Blog PostποΈ | Research Pageπ¬ | W&B Logsπ
This repository implements chess-playing language models as described in our LAION research note. The models and datasets are available on HuggingFace.
For the classification approach (ROOK-CLF-9M), see the rook repository and try the interactive demo.

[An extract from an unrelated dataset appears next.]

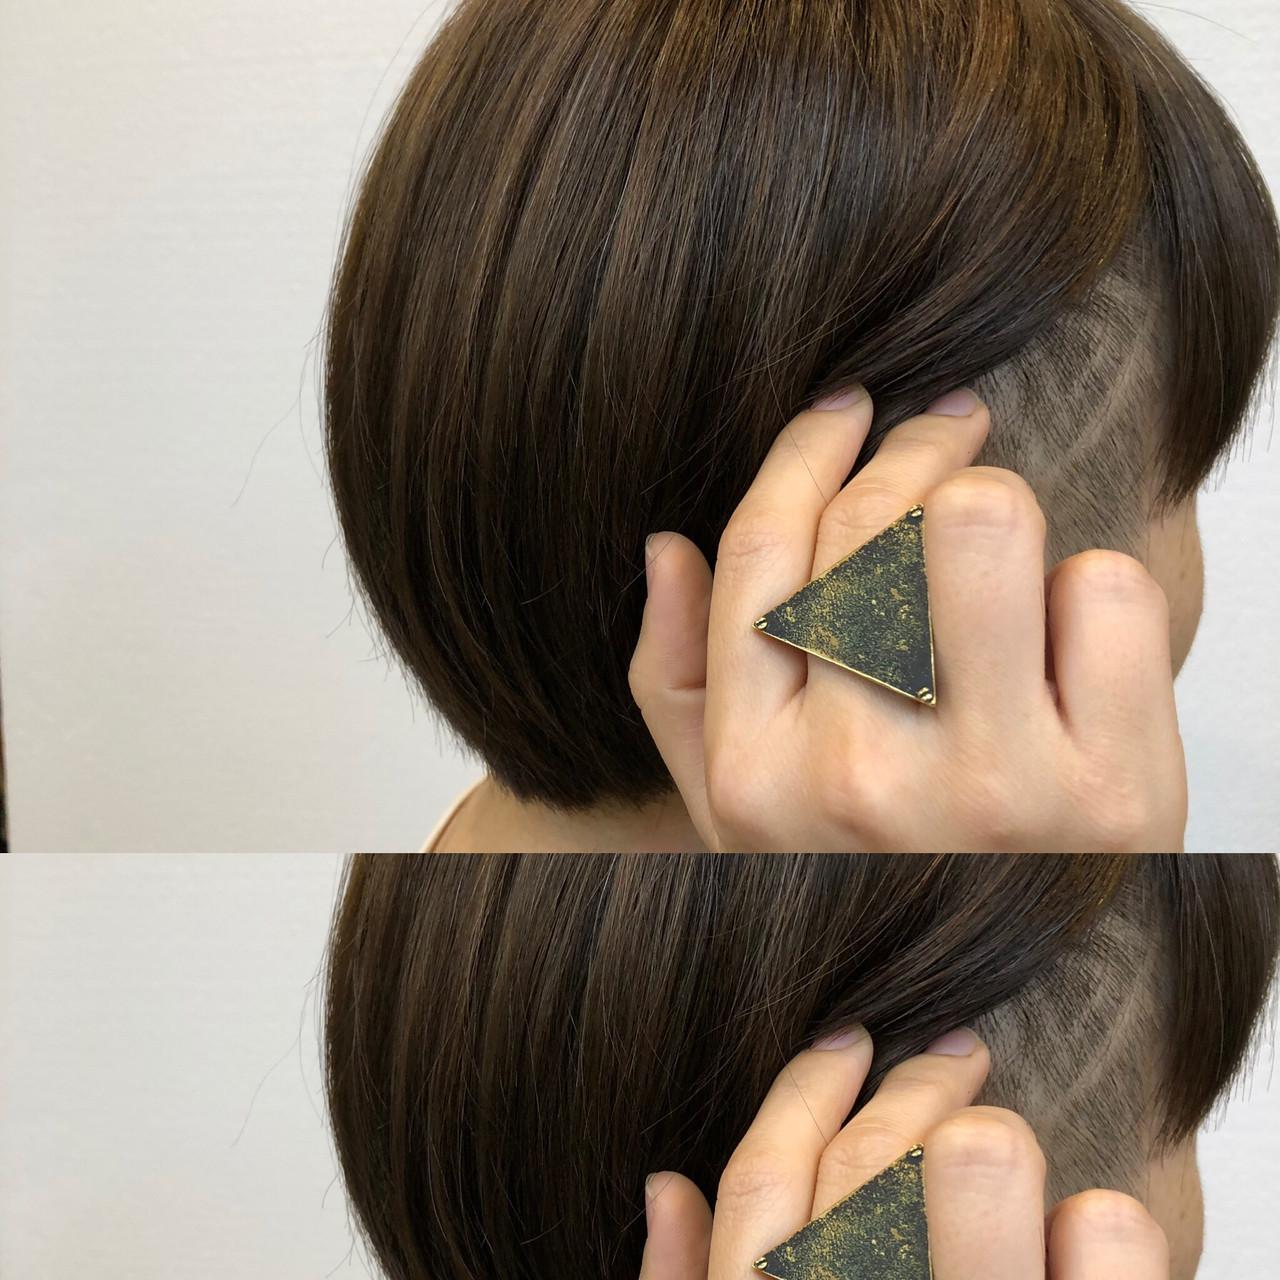 ハイライト ラインアート ショート アディクシーカラー ヘアスタイルや髪型の写真・画像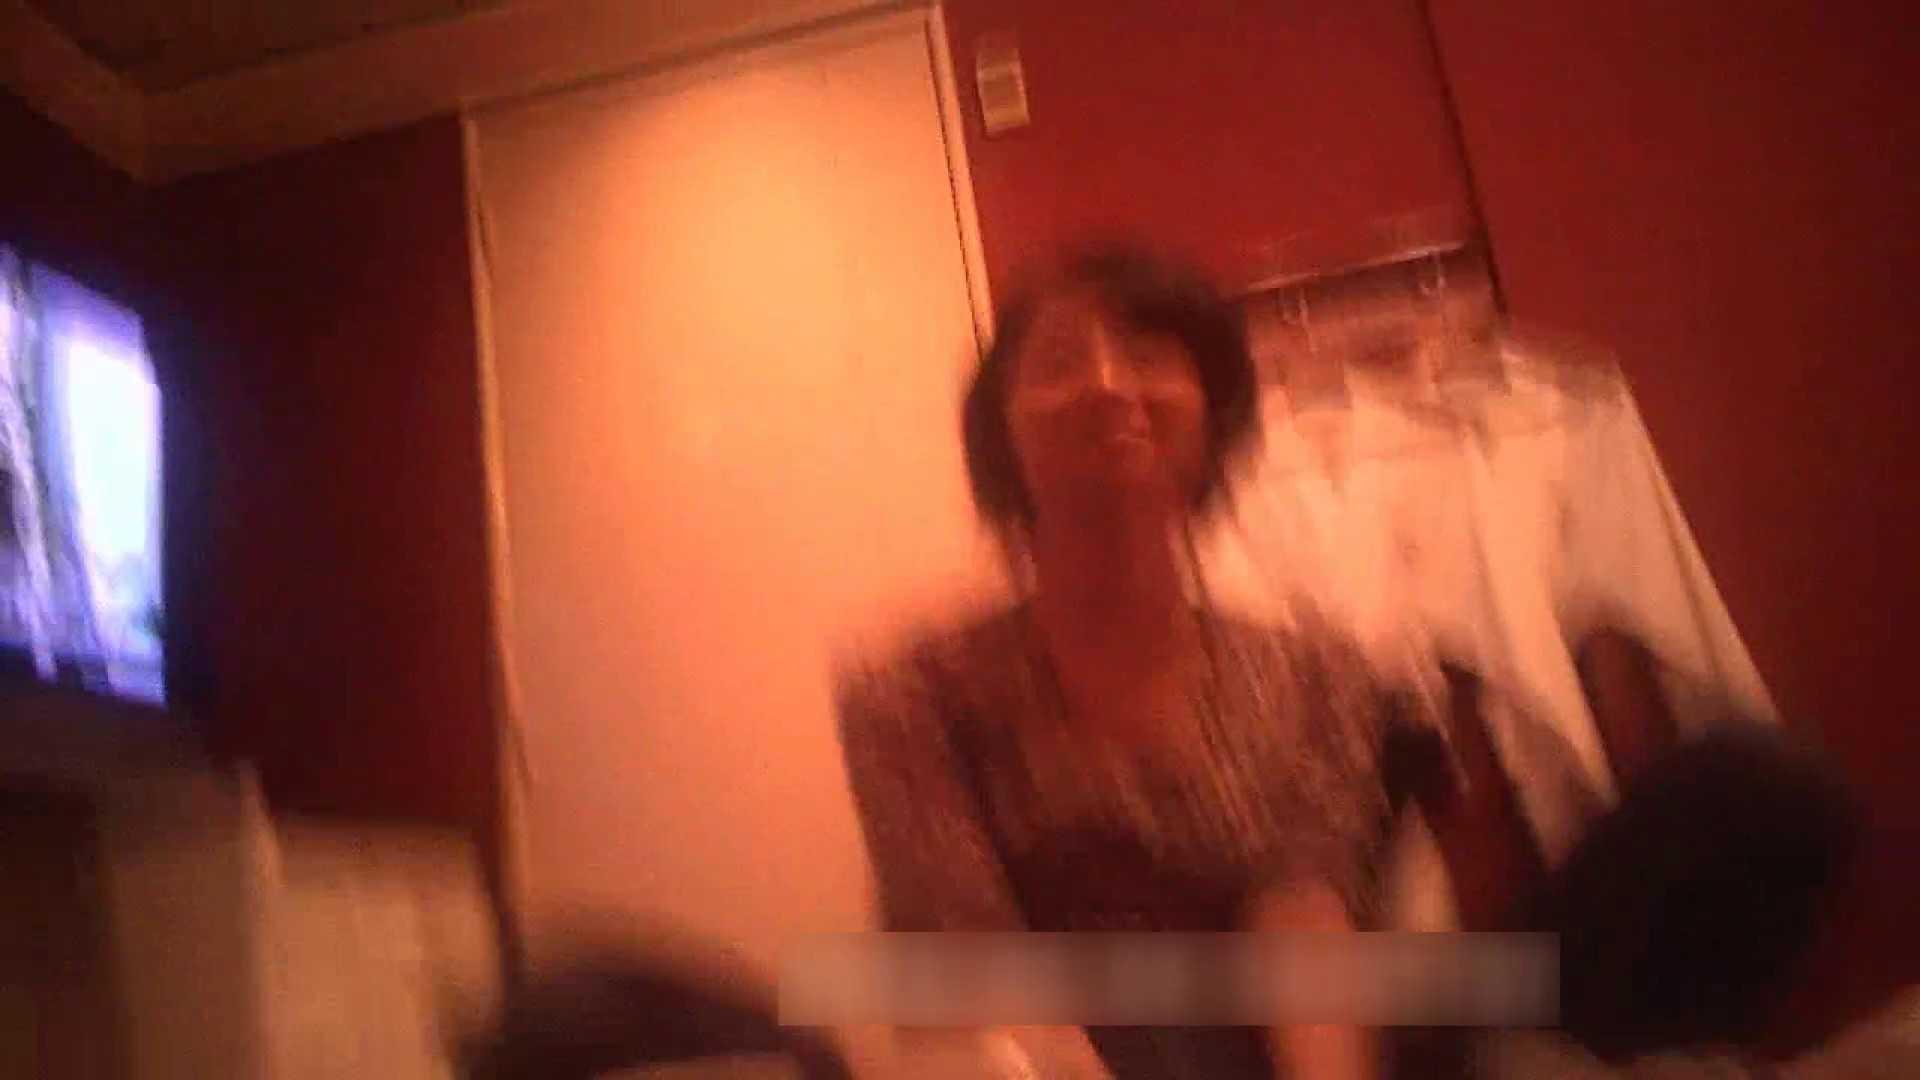 榮倉奈々 似!!激カワ ときめきチャン Vol.34 脱衣編 盛合せ おまんこ動画流出 95枚 4

This repo contains code for:
- ROOK: A chess-playing language model trained on a synthetic dataset with chain-of-thought evaluation from Stockfish.
- ArbiterSim: A language model trained to simulate a chess environment from rollouts of ROOK self-play.
- RookWorld: A single language model trained to generate both the ROOK policy and the ArbiterSim Environment through different prompt prefixes.
- RookWorld Evol: Filter winning rollouts from self-play of the RookWorld Policy in the RookWorld Environment and continue training to achieve stepwise Policy self-improvement.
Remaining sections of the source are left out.